15.1. No variation of this agreement shall be effective unless it is in writing and signed by the parties (or their Authorized representatives).

15.2. No failure or delay by a party to exercise any right or remedy provided under this agreement or by law shall constitute a waiver of that or any other right or remedy, nor shall it prevent or restrict the further exercise of that or any other right or remedy.

15.3. If any provision (or part of a provision) of this agreement is found by any court or administrative body of competent jurisdiction to be invalid, unenforceable or illegal, the other provisions shall remain in force.

15.4. If any invalid, unenforceable or illegal provision would be valid, enforceable or legal if some part of it were deleted, the provision shall apply with whatever modification is necessary to give effect to the commercial intention of the parties.

15.5. This agreement, and any documents referred to in it, constitute the whole agreement between the parties and supersede any previous arrangement, understanding or agreement between them relating to the subject matter they cover.

15.6. Neither party shall, without the prior written consent of the other, assign, transfer, charge, or deal in any other manner with all or any of its rights or obligations under this agreement except that either party may, after having given prior written notice to the other party, assign or transfer any or all of its rights and obligations under this agreement to: a. an Affiliate for so long as the assignee remains an Affiliate; or b. to any person to whom it transfers the part of its business to which this agreement relates, provided that the assignee undertakes in writing to the non-assigning party to be bound by the assignor’s obligations under this agreement.

15.7. Nothing in this agreement is intended to or shall operate to create a partnership between the parties or authorize either party to act as agent for the other, and neither party shall have the authority to act in the name or on behalf of or otherwise to bind the other in any way.

15.8. This agreement does not confer any rights on any person or party (other than the parties to this agreement and, where applicable, their successors and permitted assigns) pursuant to the Contracts (Rights of Third Parties) Act 1999.

15.9. Any notice required to be given under this agreement shall be in writing and shall be delivered by hand or sent by pre-paid first-class post or recorded delivery post to the other party at its address set out in this agreement, or such other address as may have been notified by that party for such purposes or sent by email to the other email address as is set out on the Order Form.

15.10. A notice delivered by hand shall be deemed to have been received when delivered (or if delivery is not in business hours, at 9am on the first business day following delivery). A correctly addressed notice sent by pre-paid first-class post or recorded delivery post shall be deemed to have been received at the time at which it would have been delivered in the normal course of post. A notice sent by email shall be deemed to have been received at the time of transmission.

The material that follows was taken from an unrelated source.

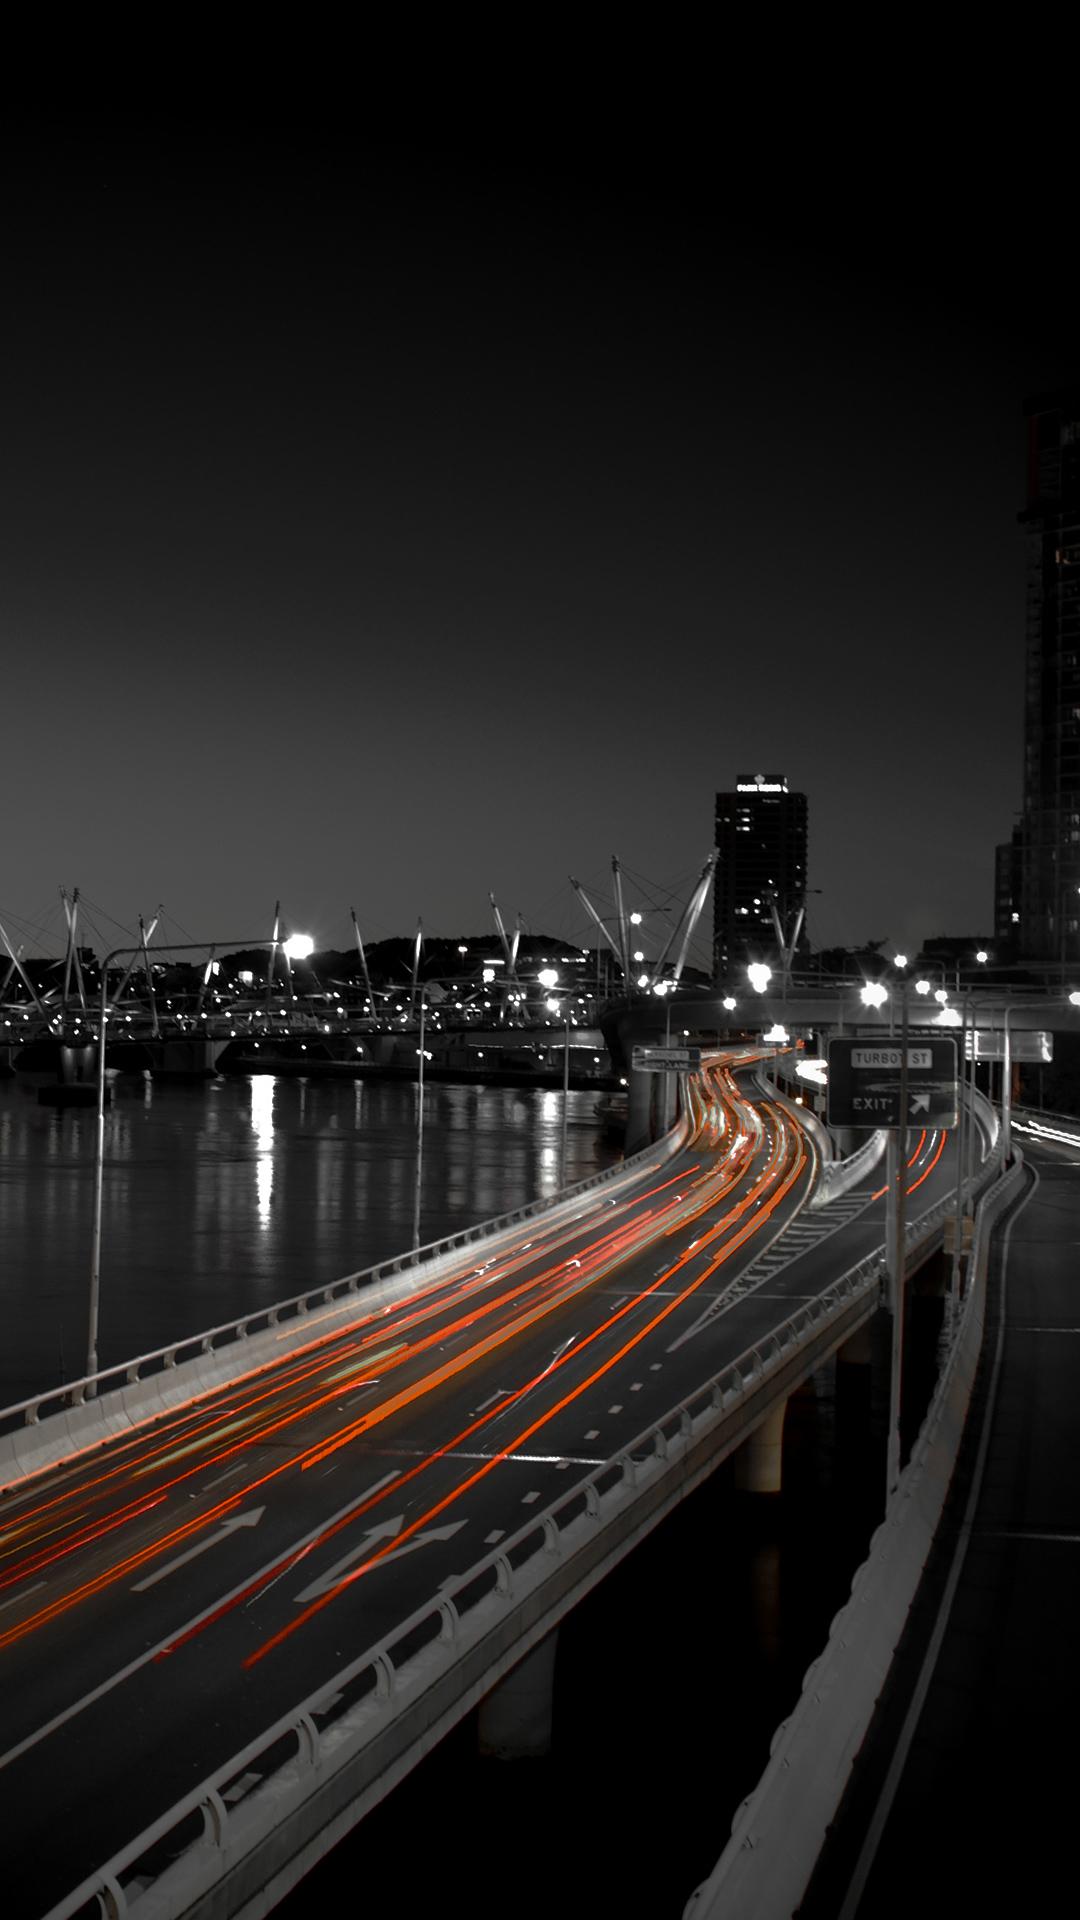 Hd wallpaper 1080x1920 - Dark City Light Road Amoled Wallpaper 1080x1920

15.11. In the event that there is any conflict between the terms of this agreement and any general terms and conditions set out on a The Company website, the terms of this agreement shall prevail.

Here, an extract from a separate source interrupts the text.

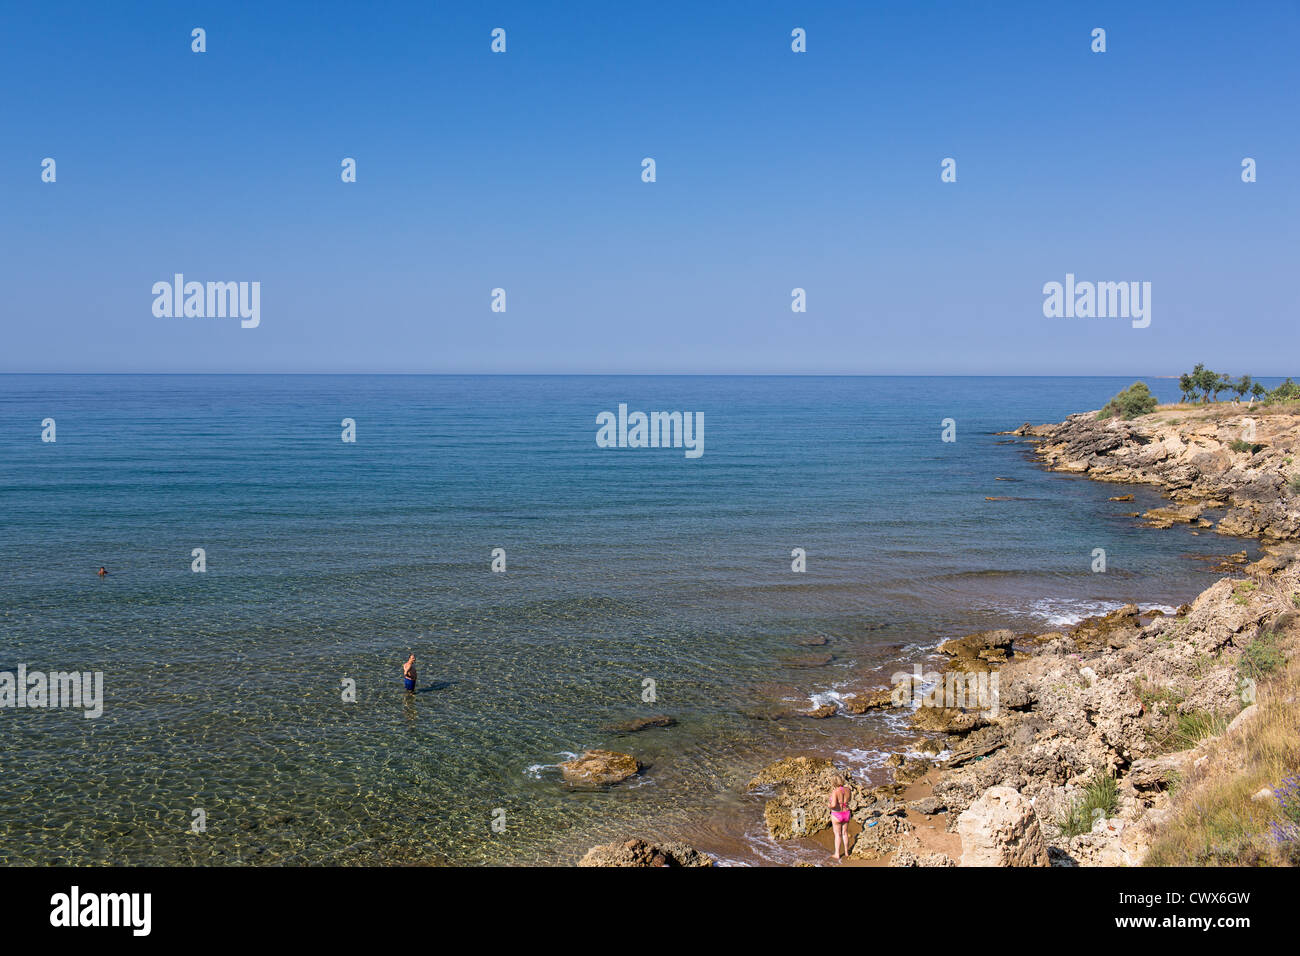 Tourists on an untamed coast in Agios Georgios, Corfu, Ionian Islands, Greece. - Stock Image

15.12. All amounts due under this agreement shall be paid in full without any set-off, counterclaim, deduction or withholding (other than any deduction or withholding of tax which is required by law).

  1. GOVERNING LAW & JURISDICTION

16.1. This agreement and any dispute or claim arising out of or in connection with it or its subject matter or formation (including non-contractual disputes or claims) shall be governed by and construed in accordance with the law of Arizona and each party irrevocably agrees that the courts of Arizona shall have exclusive jurisdiction to settle such dispute or claim. This agreement has been entered into on the date stated at the beginning of it.